1985 murder case in England

Aristos Constantinou

Aristos Constantinou (Greek: Άριστος Κωνσταντίνου; 7 June 1944 – 1 January 1985) was the founder of the Ariella fashion label. The Ariella label came to prominence during the British fashion revolution, and was known for its cocktail, evening, and occasionwear and casino uniforms.

Aristos opened a workshop upstairs at 45 Carnaby Street in 1966, and used the label ‘designed by Aristos’. In 1971, he was joined by his brother Achilleas, who runs the company to this day. Together, they expanded the business to Duke Street, Oxford Street, Newburgh Street and more on Carnaby Street. They grew rapidly and began to supply their clothes wholesale to larger retailers such as Jane Norman, DH Evans, and John Lewis. By 1974, they had a headquarters in Marylebone, a showroom in Great Portland Street and nine retail shops including branches in Chicago and Lausanne, Switzerland. They eventually moved to larger headquarters in Wood Green, but the retail side of the business was being overtaken in importance by the wholesale operations.

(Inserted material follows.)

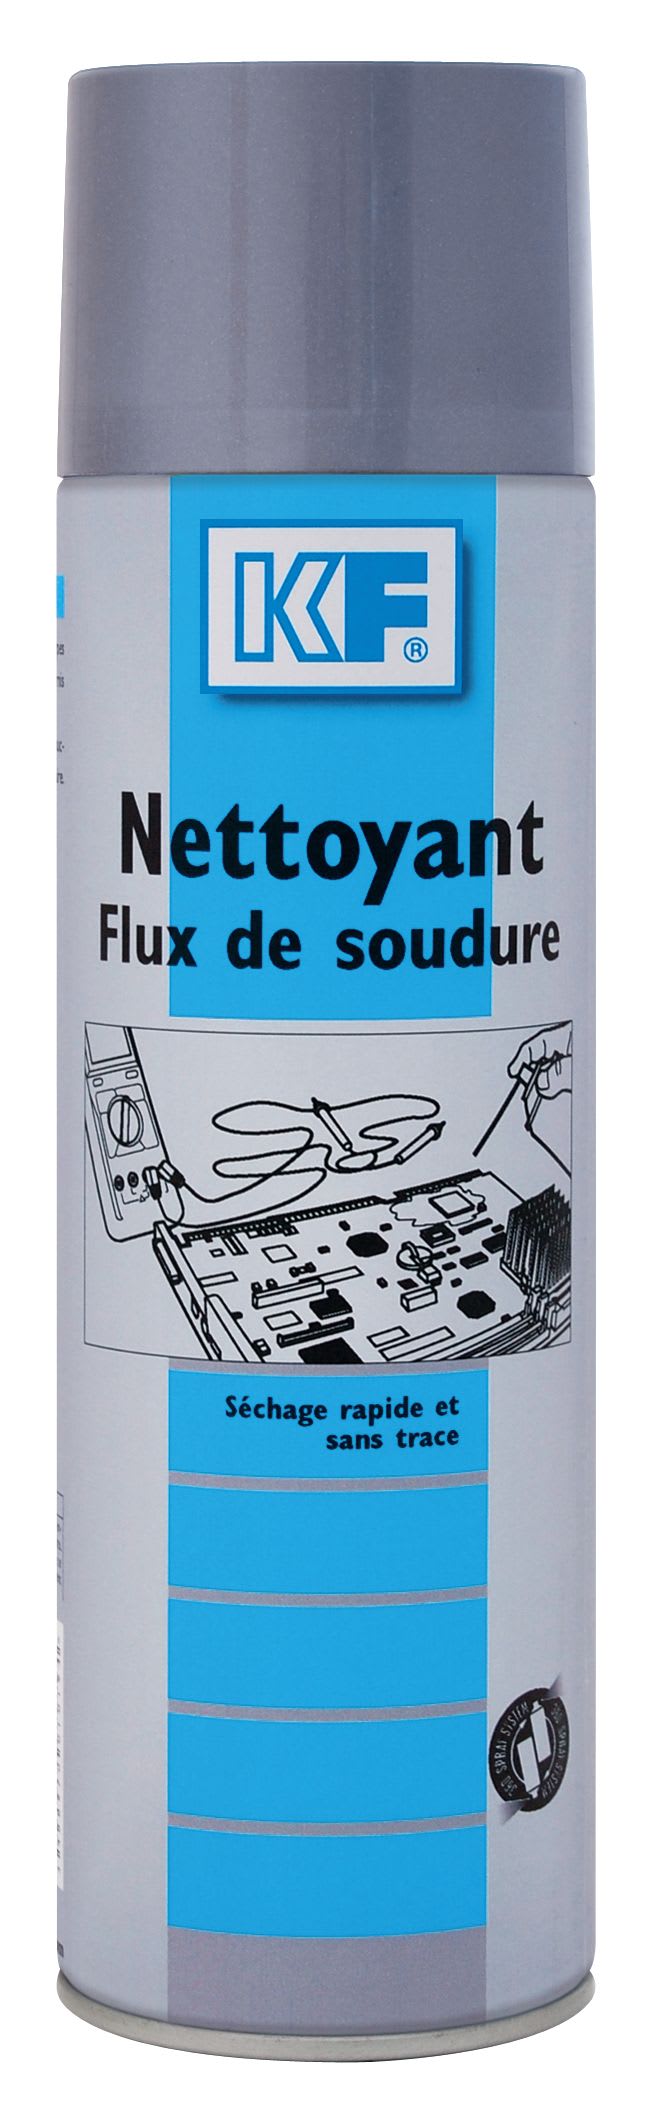 Kf - NETTOYANT FLUX DE SOUDURE 400 ML
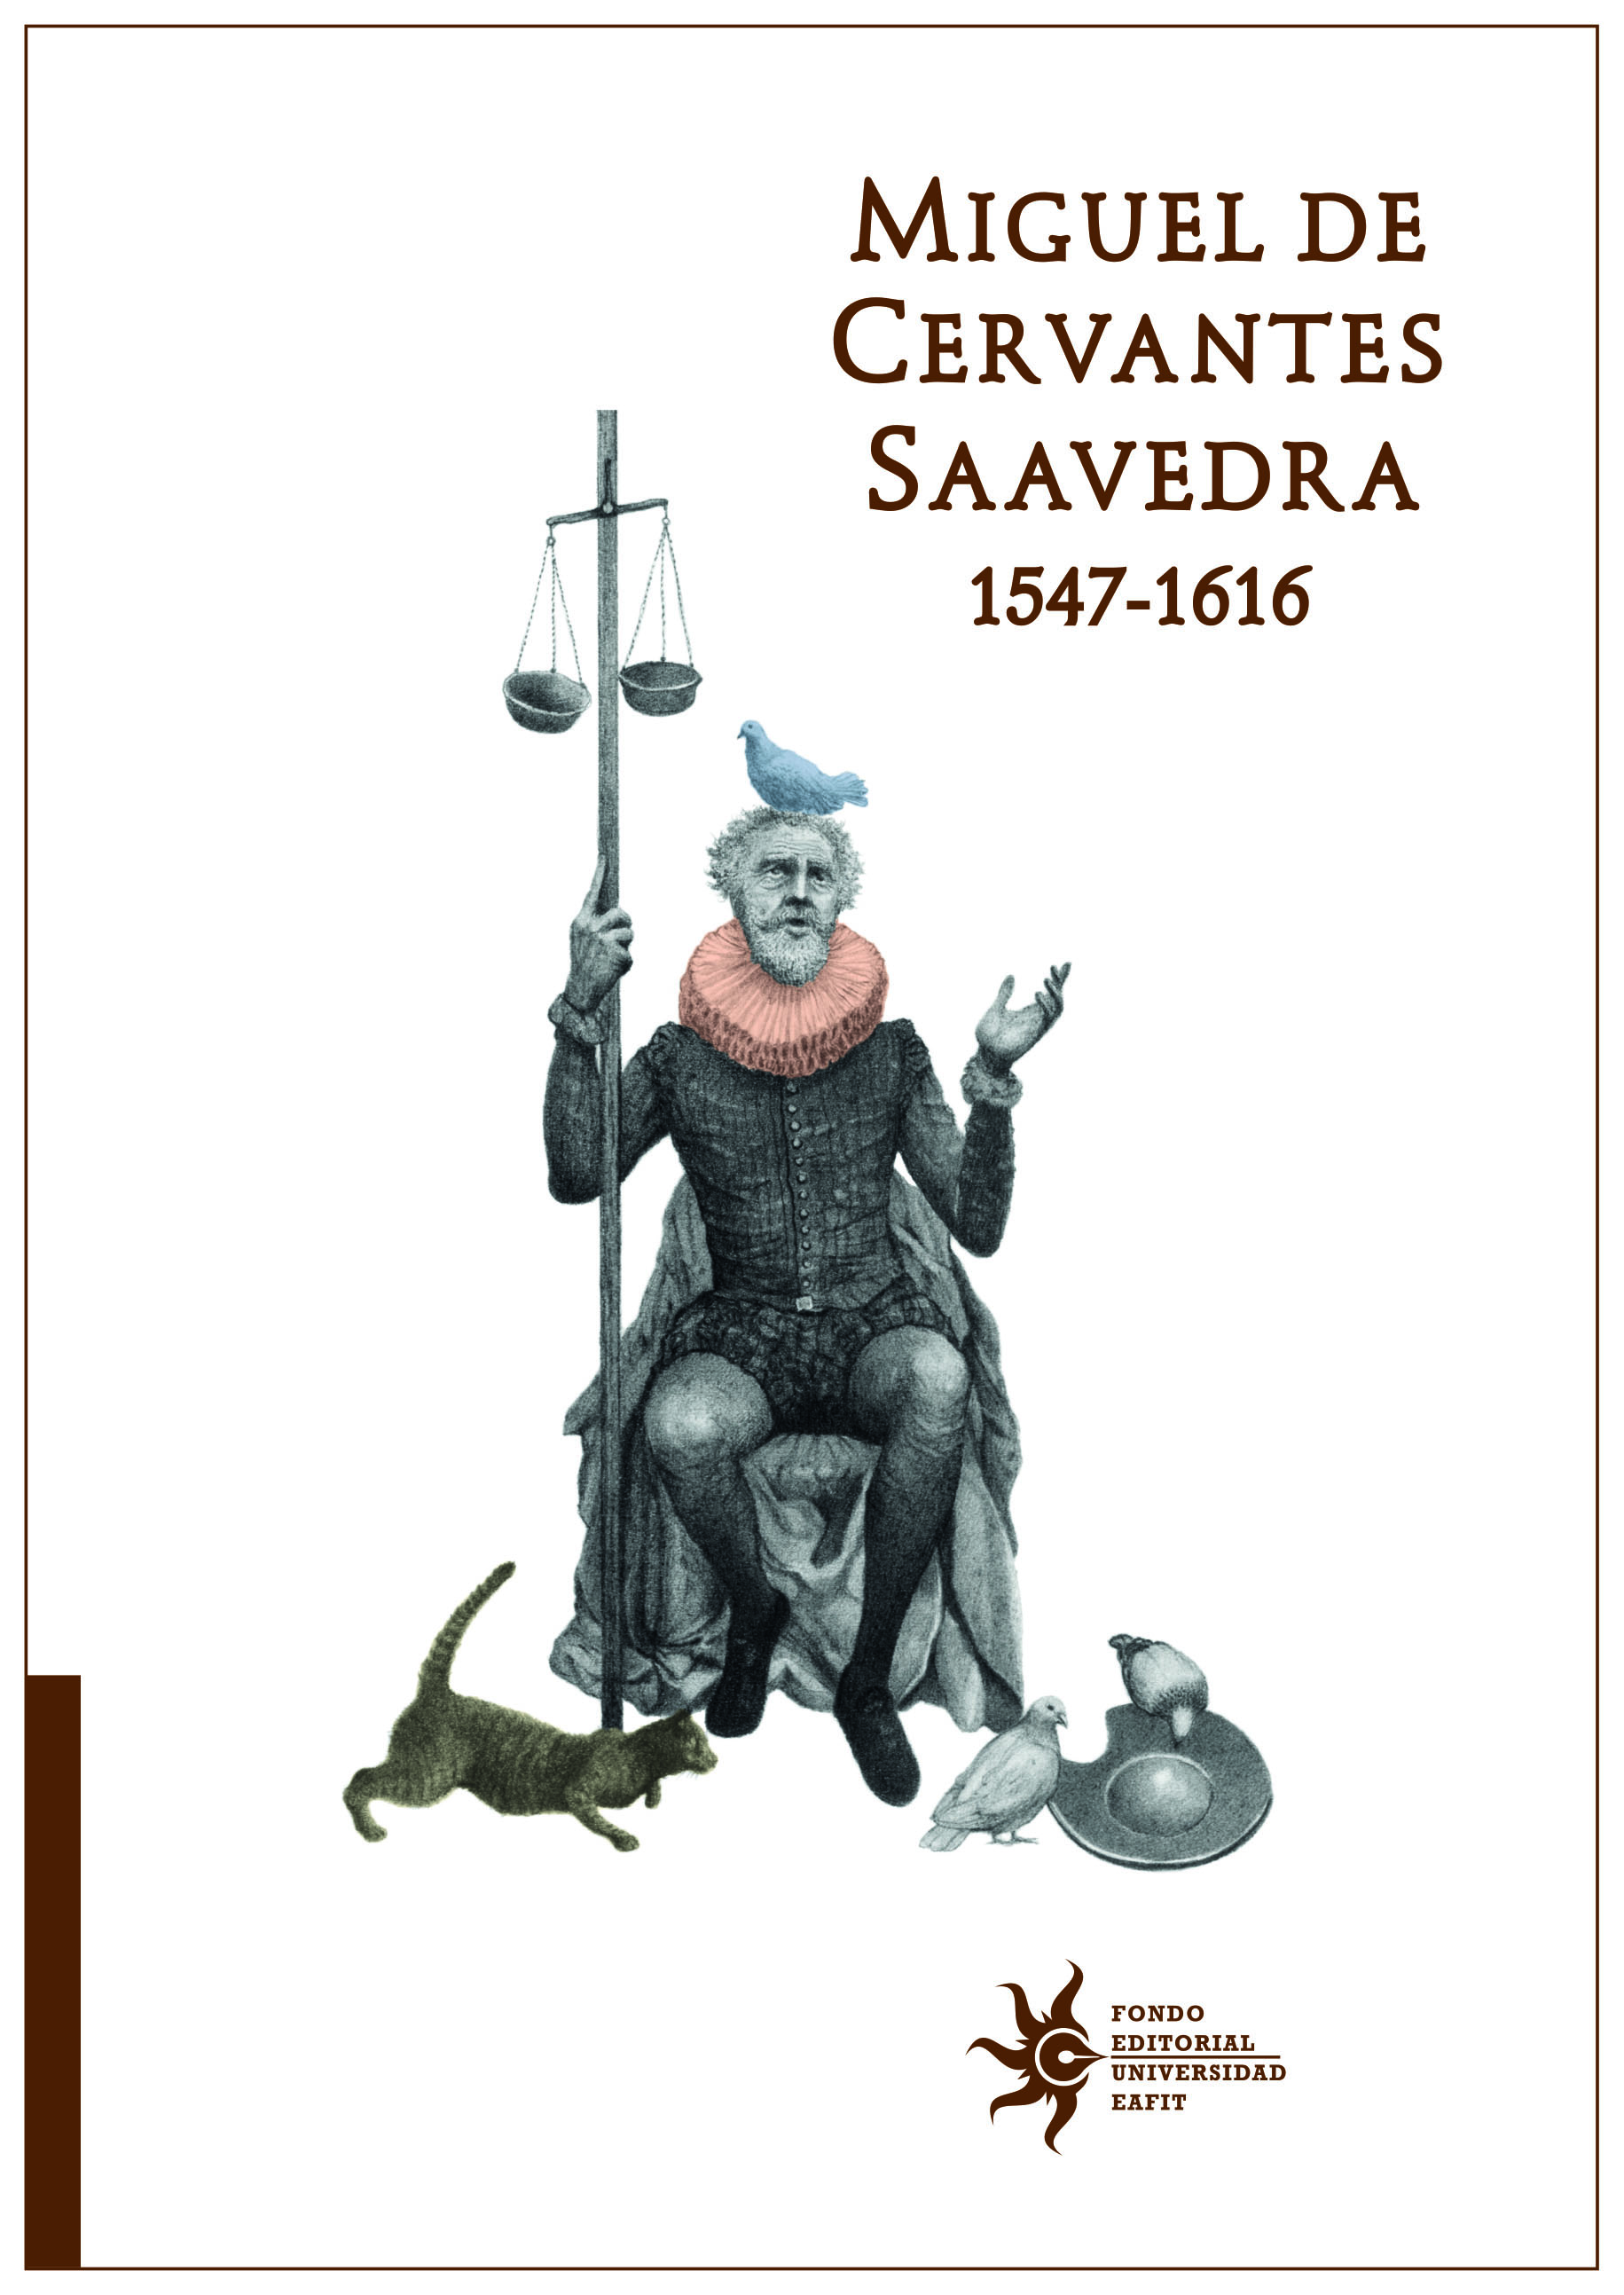 Miguel de Cervantes Saavedra.jpg

Aristos had his home in The Bishops Avenue, Hampstead, London, known as Billionaire's Row. Aristos' house in The Bishops Avenue stands in 2.5 acres has seven bedrooms, numerous reception rooms and bathrooms, the grounds included stables and separate apartment quarters for staff.

==Life==
Constantinou was the son of a Greek Cypriot master tailor, the family emigrated to the UK in the early 1960s. His son Anthony was jailed in 2016 for sexually assaulting two women, and in June 2023 he was convicted of defrauding over £64 million from investors in a massive ponzi scheme. He absconded during his fraud trial, and was sentenced in absentia to 14 years in prison. As of August 2025 he was still on the run.

==Death==
Aristos Constantinou was murdered in the early hours of New Year's Day 1985 at his home in The Bishops Avenue, Hampstead, London. He was shot several times after returning from a New Year's party with his wife Elena Hadjicostis. He was aged 40. The death was reported initially to be the result of a burglary. The account of the death given by Elena was subsequently challenged, with the police naming her the prime suspect in her husband's killing in a report submitted to the Crown Prosecution Service in 1997, and Constantinou's brothers calling for Elena to be charged with his murder.

Aristos was survived by his wife Elena and three children: Aristos, Nicholas and Anthony.